### Task requirements
Go to the line with "Fairyta Stock Vektor" in the records below, then output it and each following line exactly, up to and including the line with "Riyogems – cabochon". Skip pictures and add nothing.

### Records shown
# # # # # # #
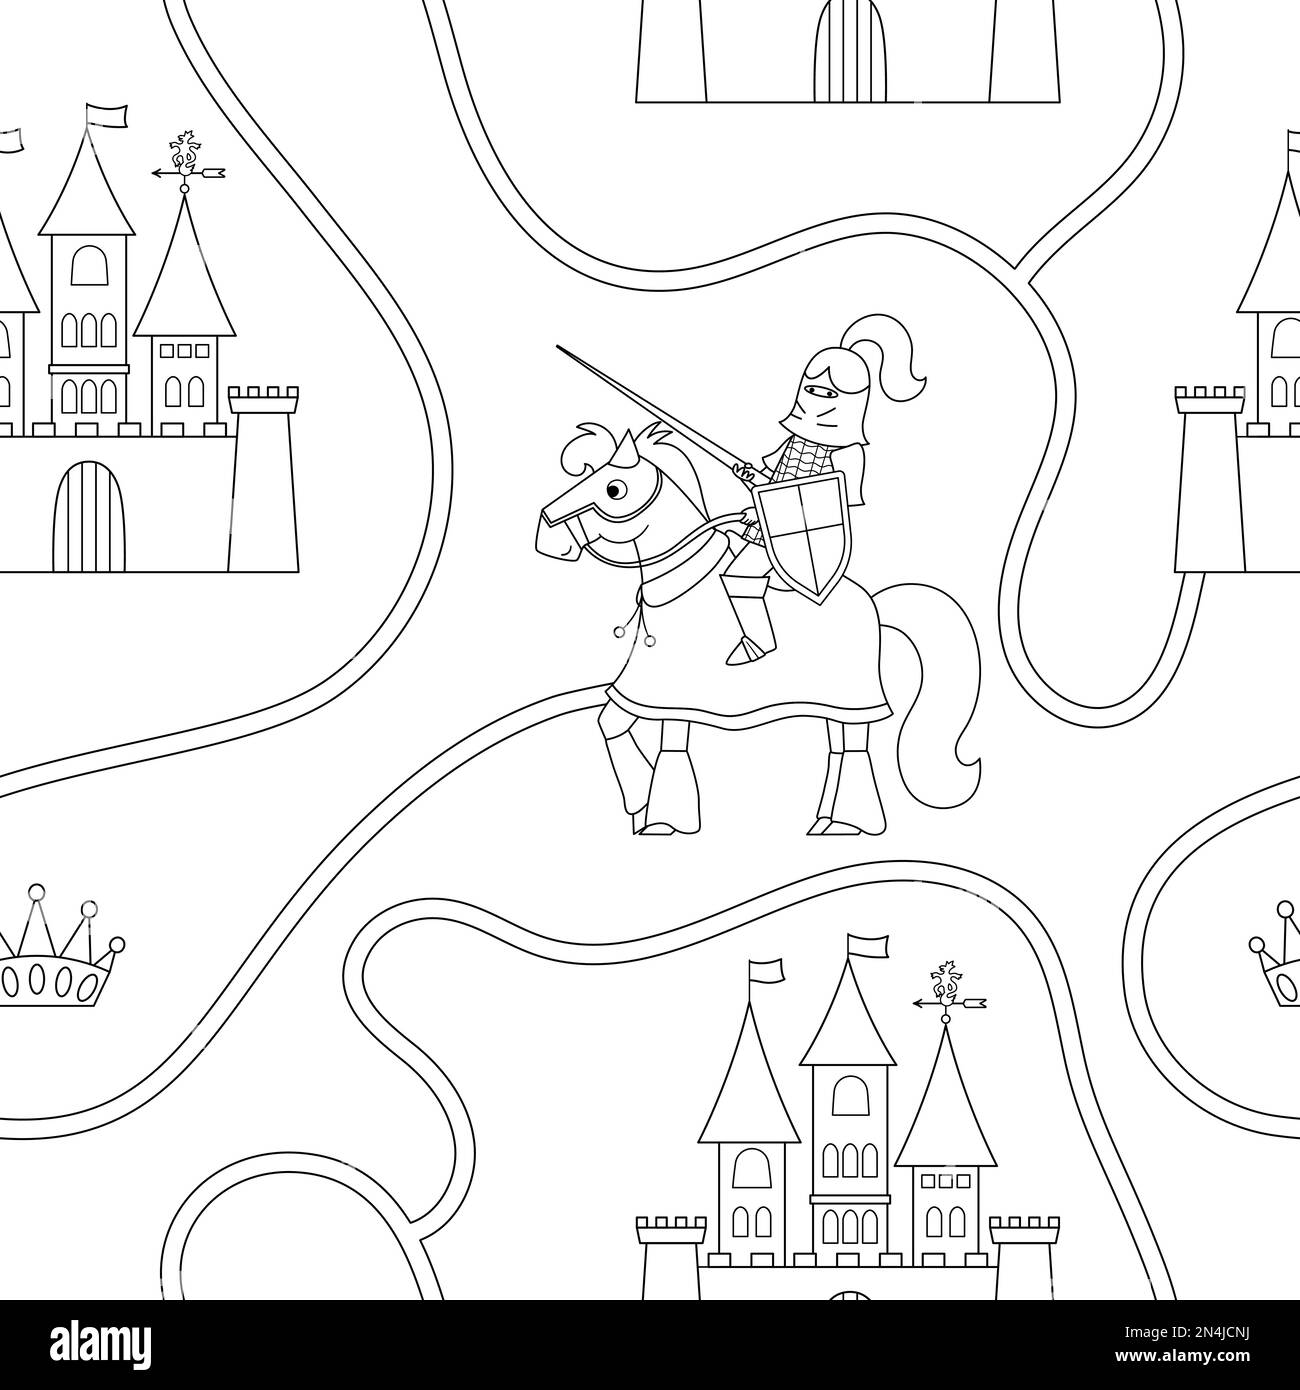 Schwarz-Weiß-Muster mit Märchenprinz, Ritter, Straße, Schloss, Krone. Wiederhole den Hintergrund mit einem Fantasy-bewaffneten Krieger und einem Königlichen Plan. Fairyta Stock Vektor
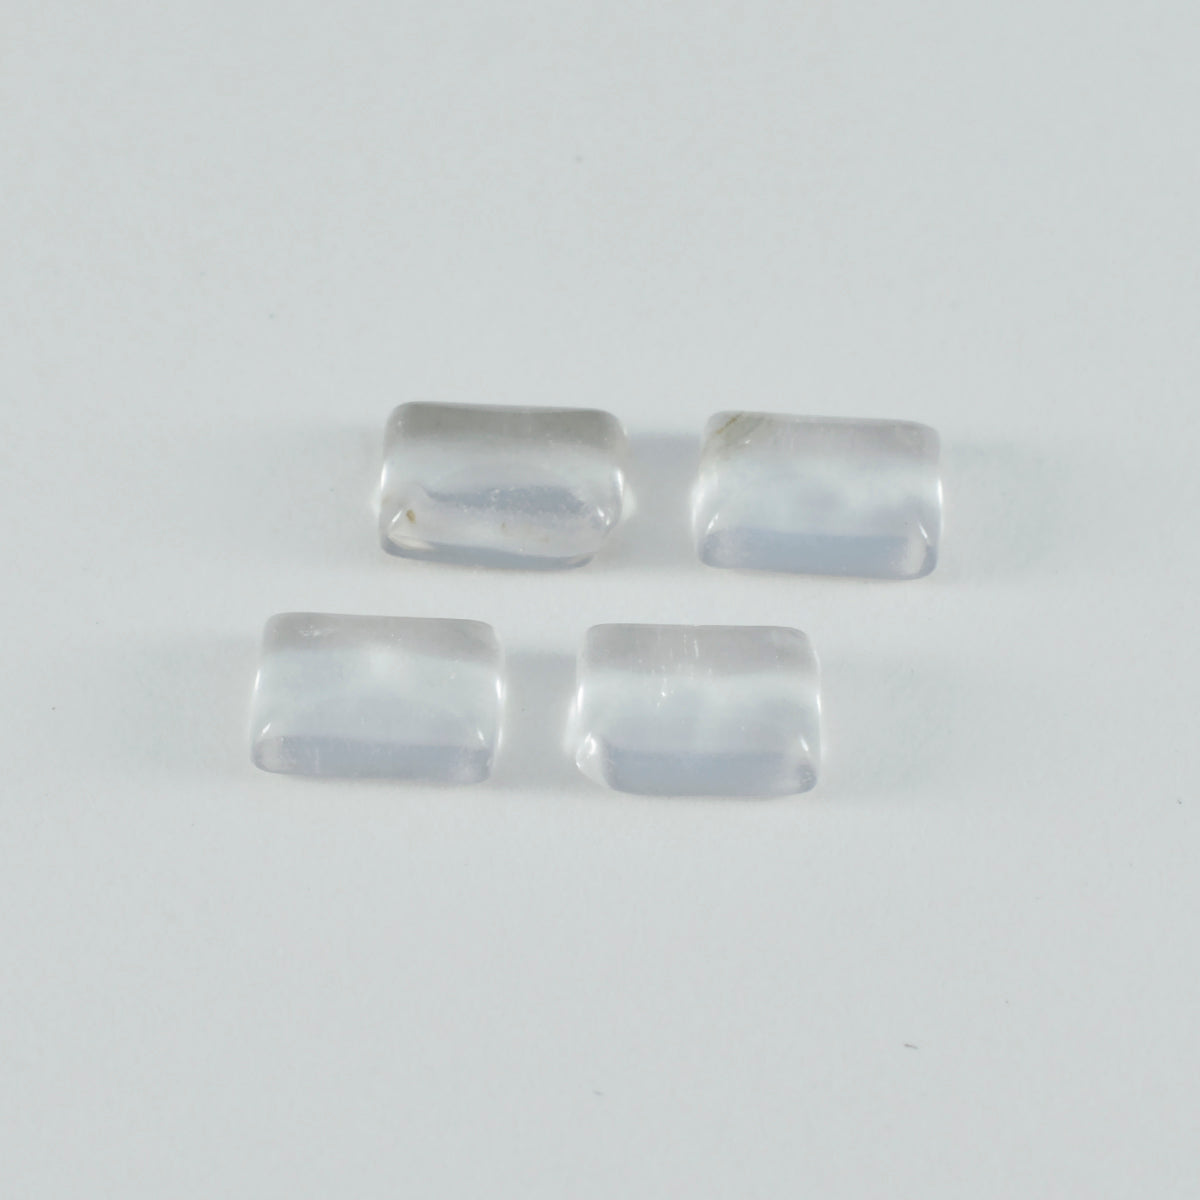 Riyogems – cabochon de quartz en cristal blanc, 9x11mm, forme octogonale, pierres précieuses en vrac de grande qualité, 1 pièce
# # # # # # #
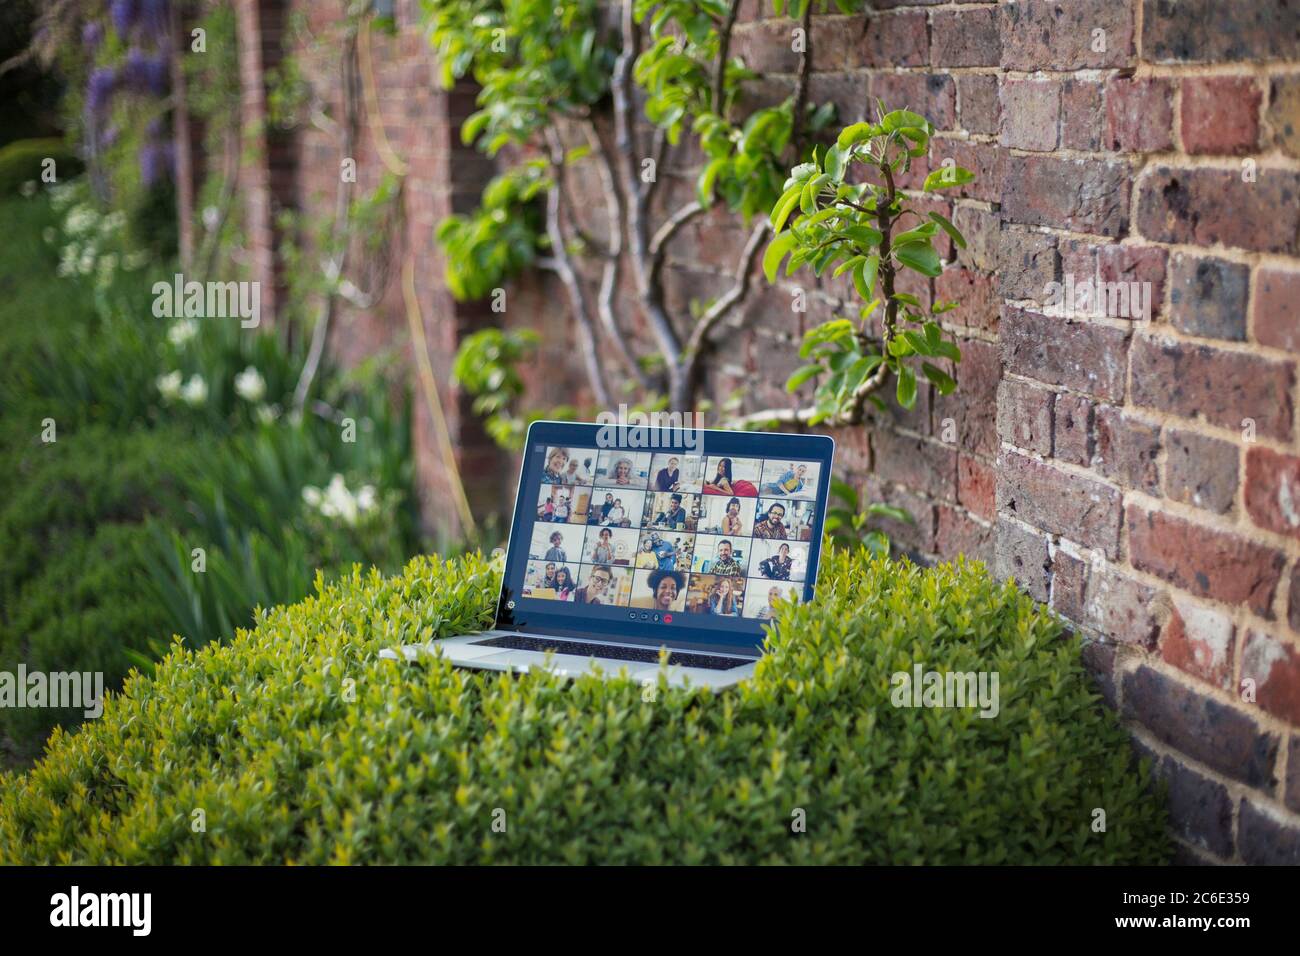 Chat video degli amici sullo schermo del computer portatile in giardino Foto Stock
# # # # # # #
### Solution to this exercise
 Schwarz-Weiß-Muster mit Märchenprinz, Ritter, Straße, Schloss, Krone. Wiederhole den Hintergrund mit einem Fantasy-bewaffneten Krieger und einem Königlichen Plan. Fairyta Stock Vektor
 Riyogems – cabochon de quartz en cristal blanc, 9x11mm, forme octogonale, pierres précieuses en vrac de grande qualité, 1 pièce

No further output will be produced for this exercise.